◆ Work to be completed
Give the data again exactly as it appears, excluding any pictures.

◆ Dataset excerpt
***
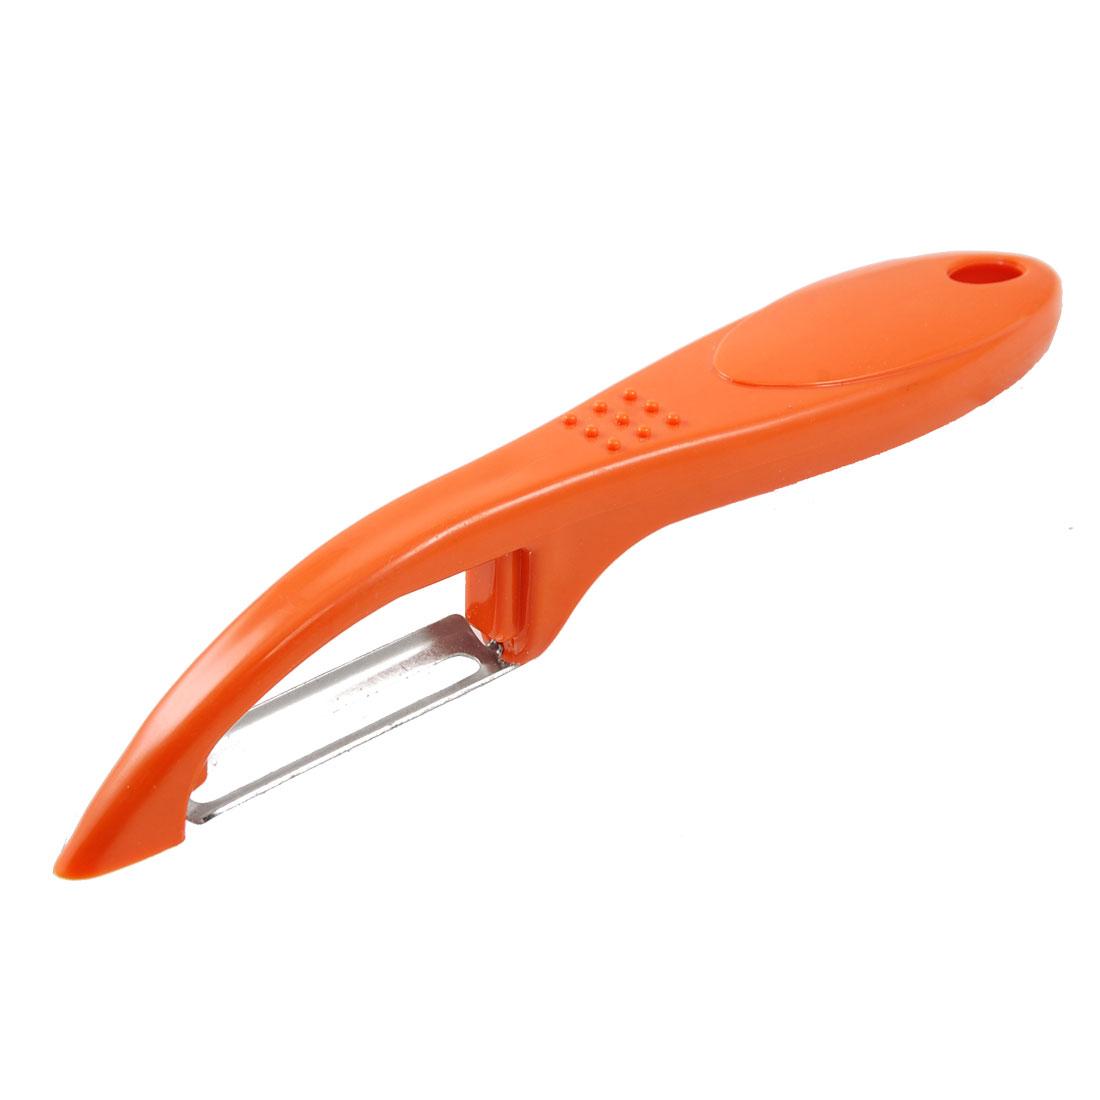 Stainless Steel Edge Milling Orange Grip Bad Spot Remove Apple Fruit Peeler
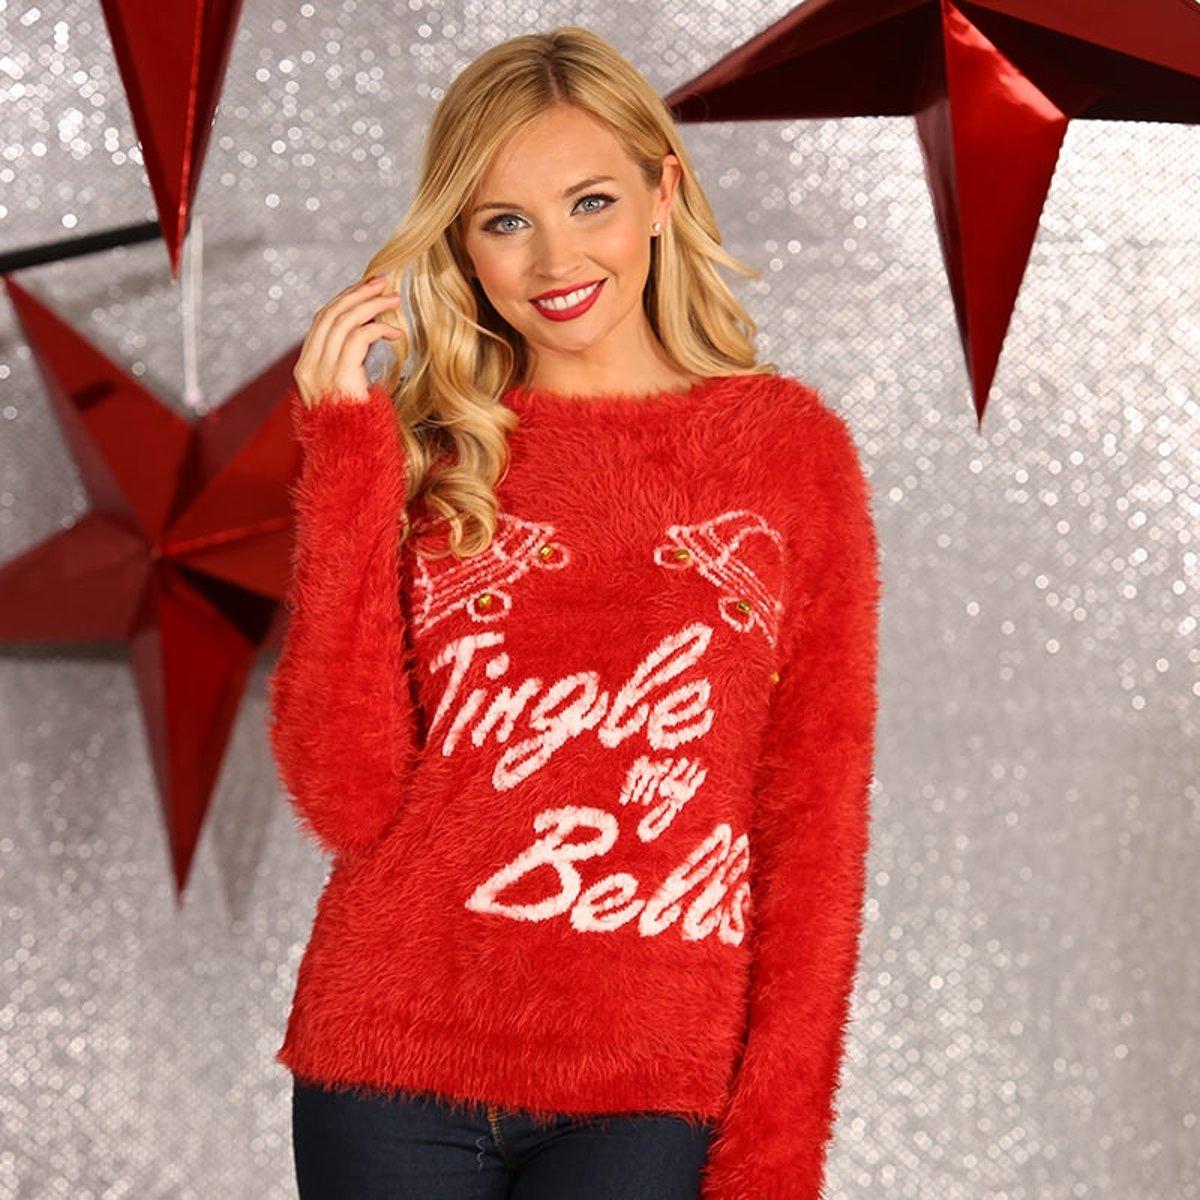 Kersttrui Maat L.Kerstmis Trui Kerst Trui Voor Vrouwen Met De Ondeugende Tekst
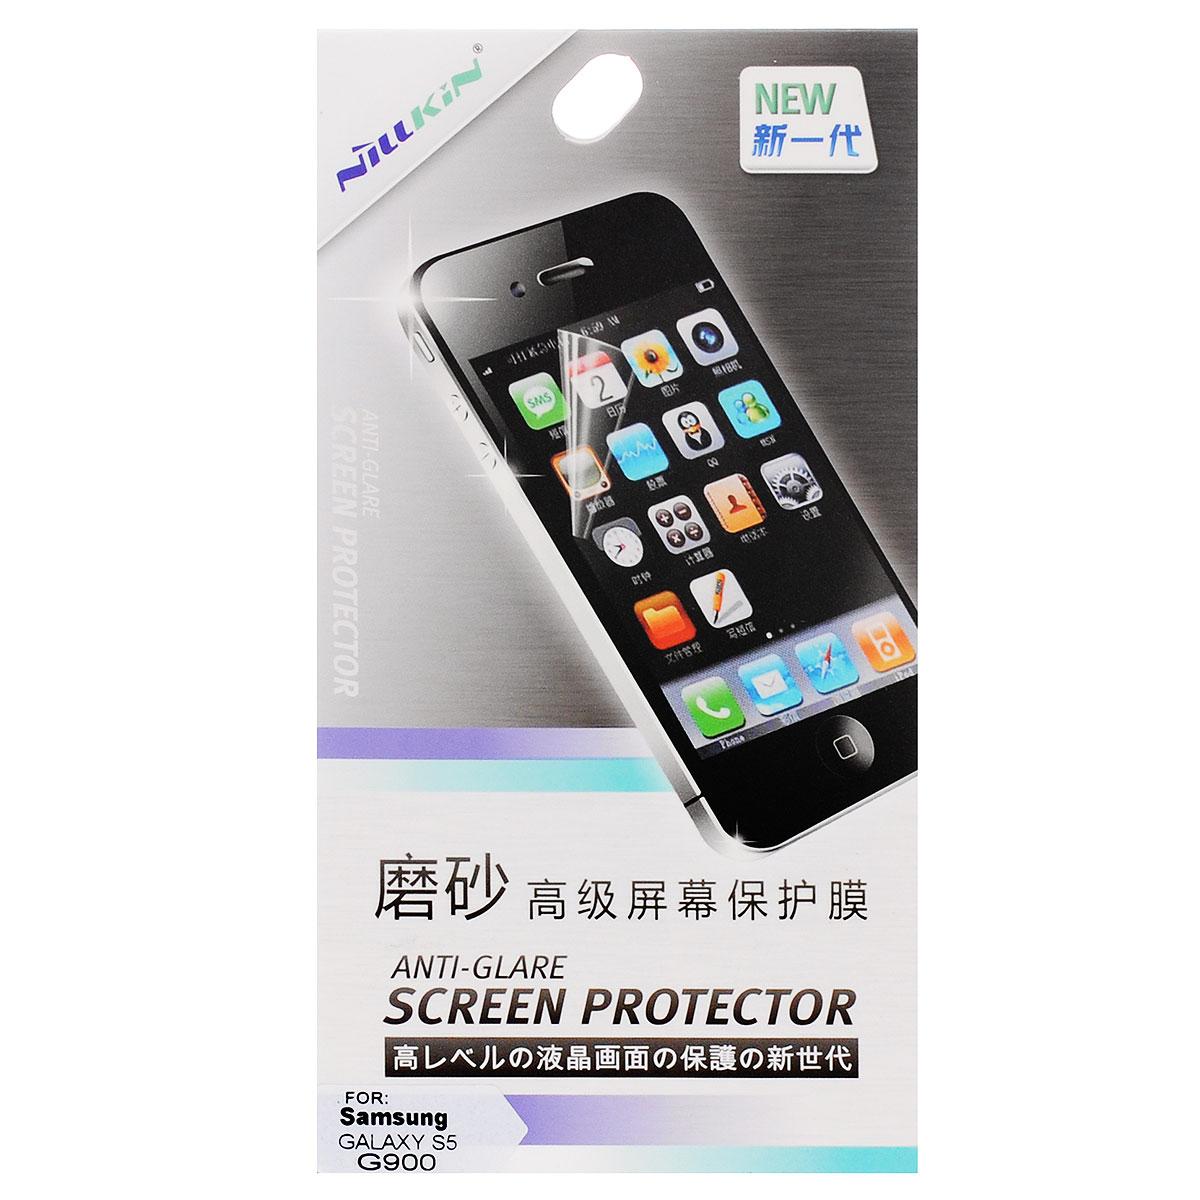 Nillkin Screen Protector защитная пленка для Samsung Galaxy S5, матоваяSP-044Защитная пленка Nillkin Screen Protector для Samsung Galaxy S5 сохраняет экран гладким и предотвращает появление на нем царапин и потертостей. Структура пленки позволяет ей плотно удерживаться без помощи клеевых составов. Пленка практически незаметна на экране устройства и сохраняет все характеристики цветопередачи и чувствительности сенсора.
***
◆ The answer
 Stainless Steel Edge Milling Orange Grip Bad Spot Remove Apple Fruit Peeler
 Kersttrui Maat L.Kerstmis Trui Kerst Trui Voor Vrouwen Met De Ondeugende Tekst
 Nillkin Screen Protector защитная пленка для Samsung Galaxy S5, матоваяSP-044Защитная пленка Nillkin Screen Protector для Samsung Galaxy S5 сохраняет экран гладким и предотвращает появление на нем царапин и потертостей. Структура пленки позволяет ей плотно удерживаться без помощи клеевых составов. Пленка практически незаметна на экране устройства и сохраняет все характеристики цветопередачи и чувствительности сенсора.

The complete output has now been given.